Как она посмела ослушаться его, обмануть, схитрить… Его – Соловья-разбойника, кого боятся взрослые и дети?! Кем себя возомнила, скудоумная?!

Он никогда не поднимал на нее руку, сейчас же жаждал убить. Ее поступок казался сродни предательству, причем, в спину от близкого, как водится, когда не ждешь. Эх, зря ты расслабился, Соловушка, зря показалось, что от супружницы не стоит ждать какой-то каверзы.

 

Он уже замахнулся на лежащую под ним голую бабу, которая начала визжать не хуже порося, когда взгляд упал на небо за ставнями.

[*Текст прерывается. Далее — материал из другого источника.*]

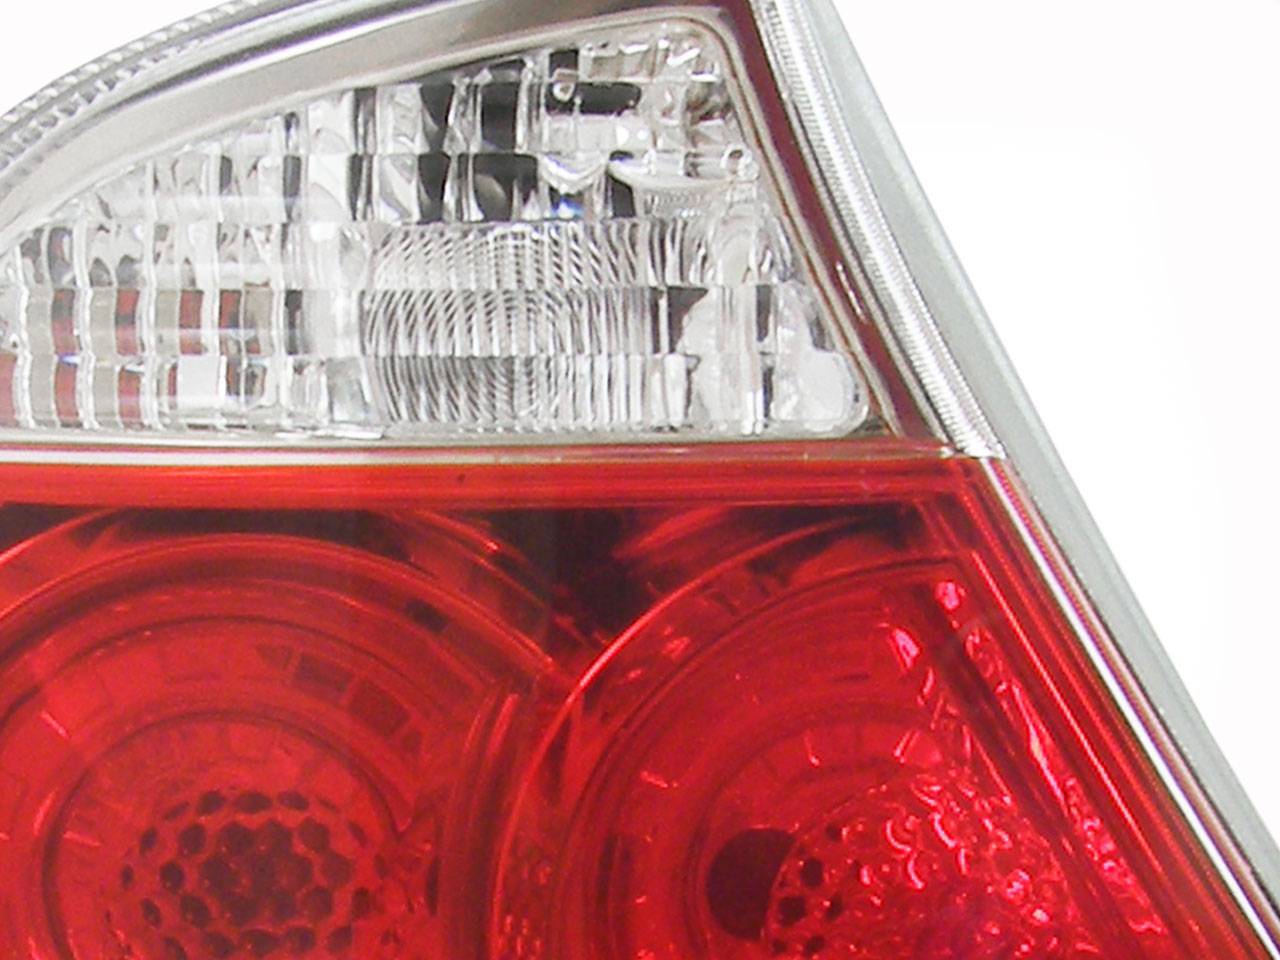 LHS Tail Light Suits Toyota Camry 04-06 ADR COMPLIANT - Aftermarket
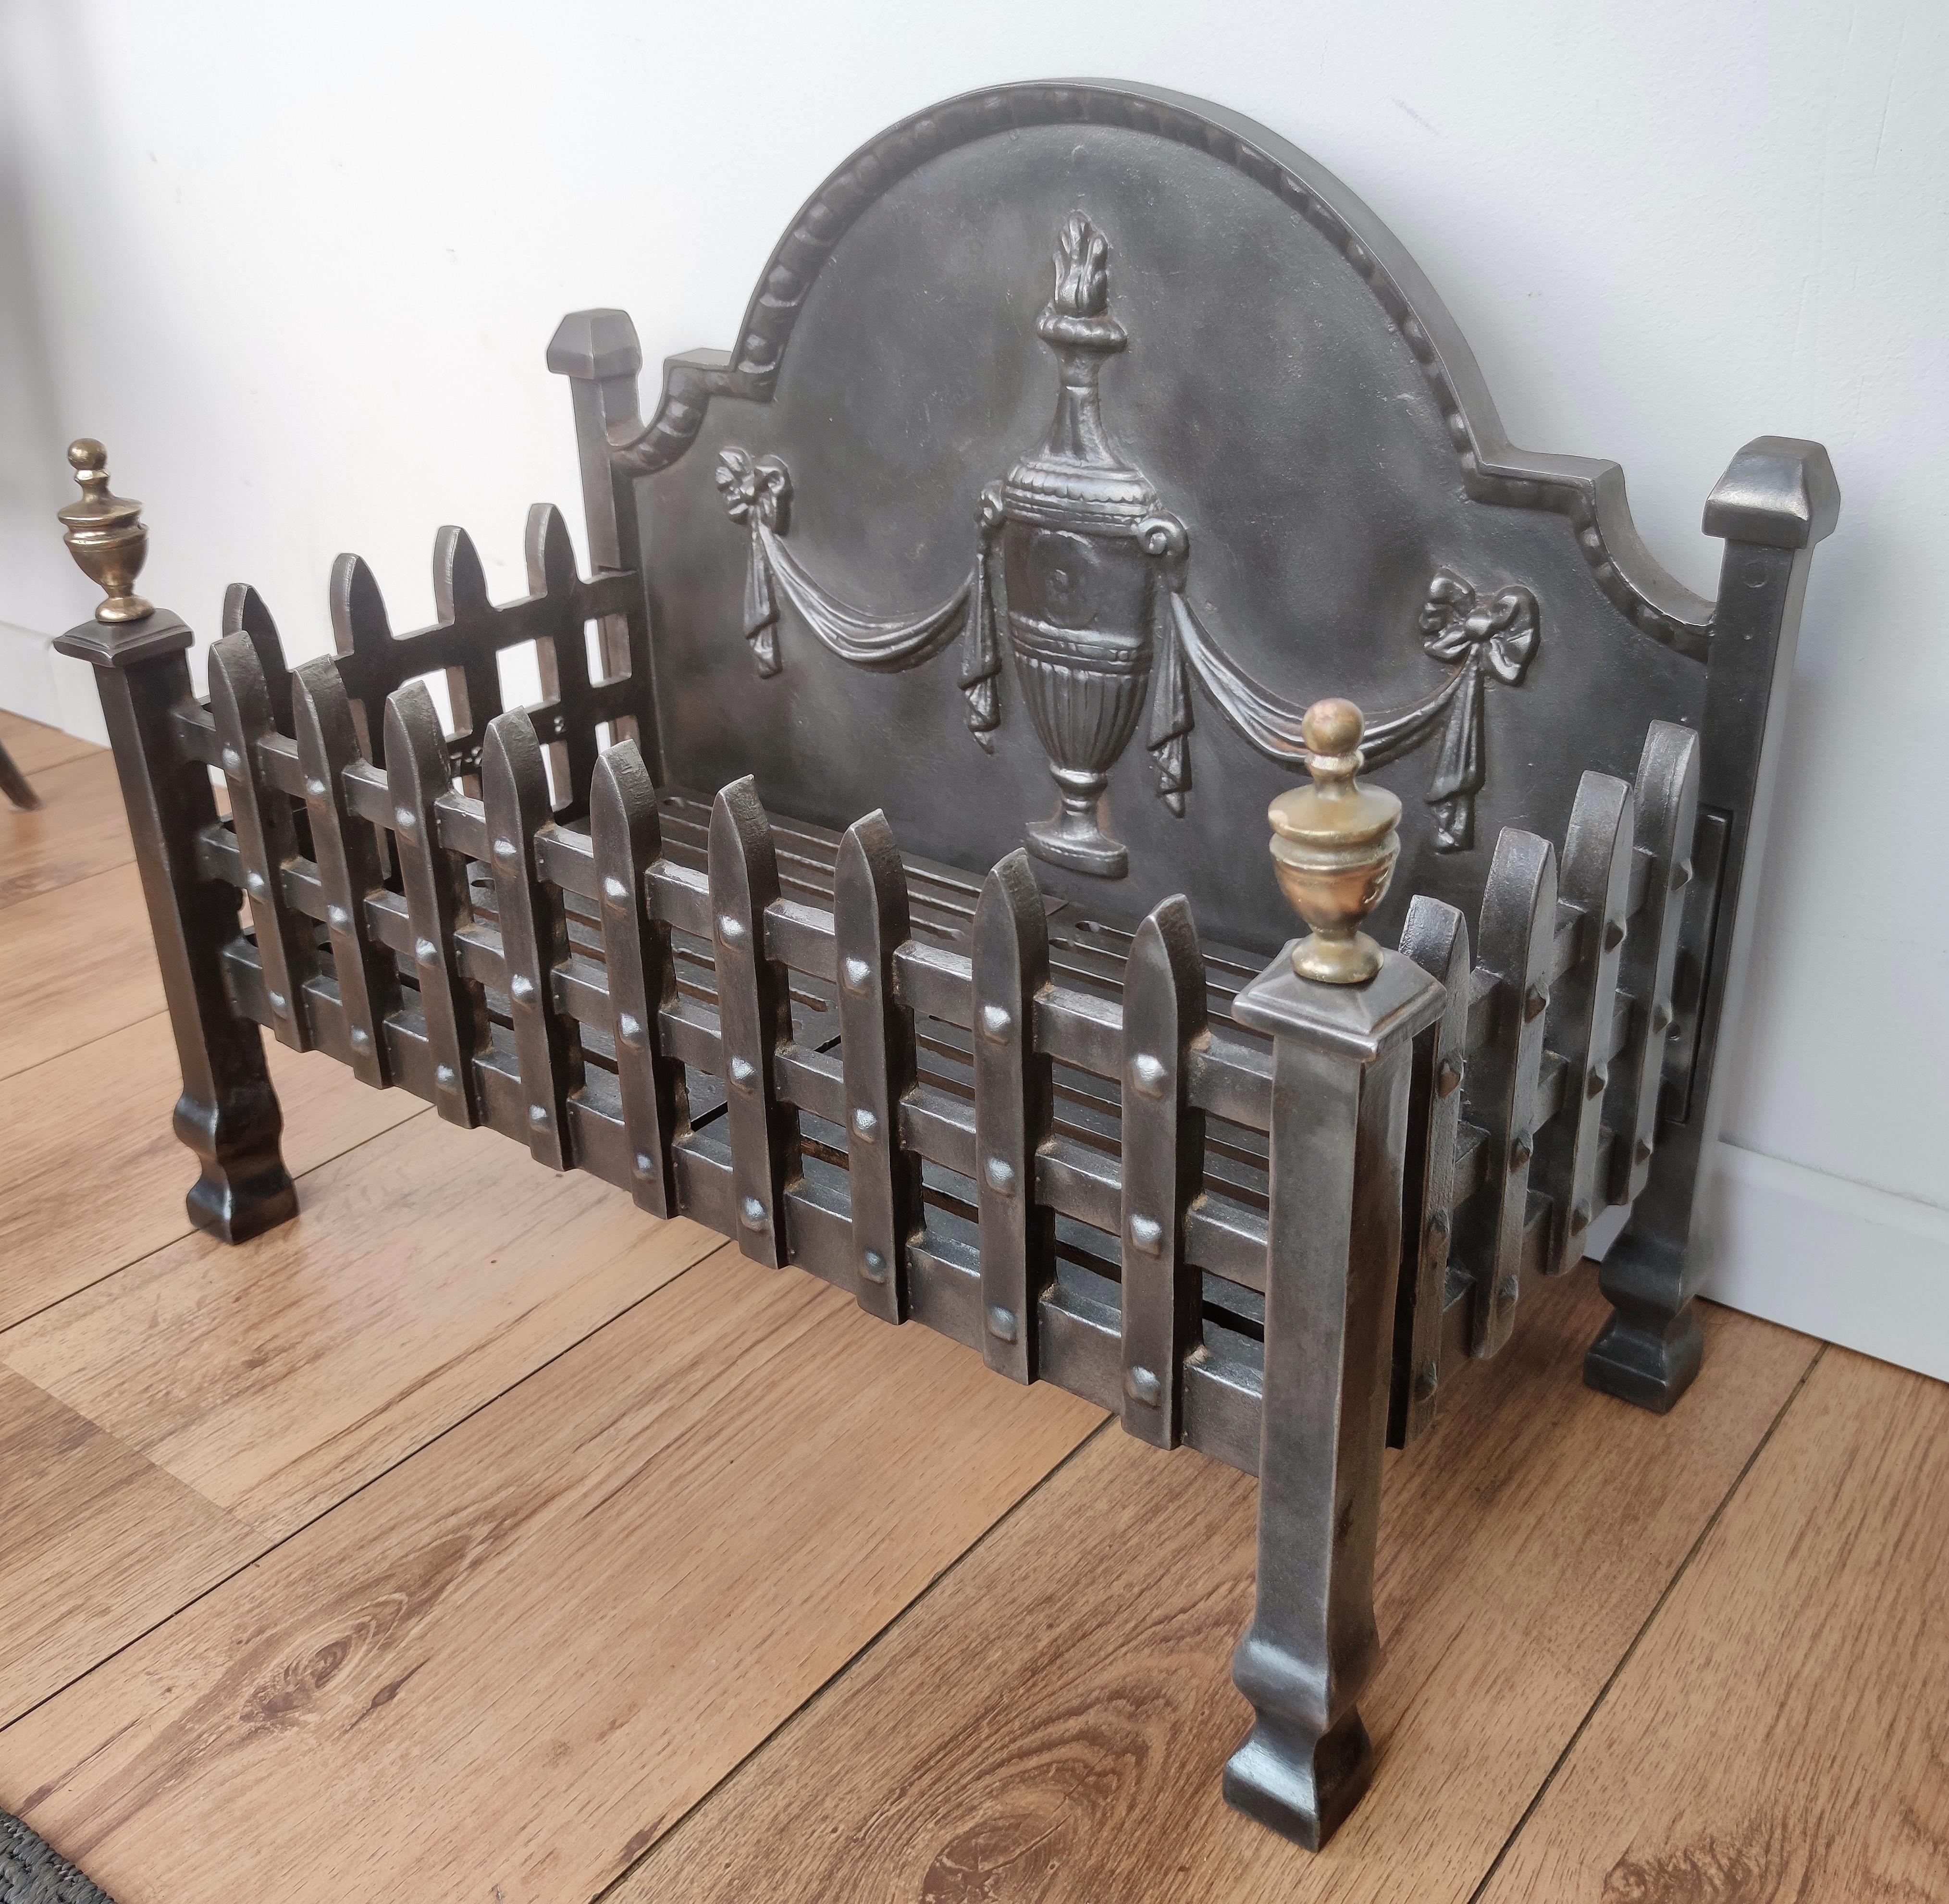 Cast iron Italian fire grate or log holder, with two beautiful neoclassical brass shapes on the sides and the decorated arched back. The item has been completey polished from previous use.

– Сколько я спал? – прошипел он, глядя на то, как трясется Любава.

– А…

– Сколько?! – от его крика, уже со свистящими нотками, поднялся ветер.

Послышались взволнованные голоса челяди на улице, его люди недоумевали, что могло такого произойти, чтобы он так взбесился. Враги в тереме? Как можно? Кто не доглядел?!

Ему было плевать на их домыслы.

– Два дня и ночь, – прошептала Любава и закрыла лицо руками, не иначе, ожидая самого худшего.

Когда же она подняла веки, палаты оказались пусты, а оконный проем раскурочен до такой степени, что ставни валялись на земле снаружи.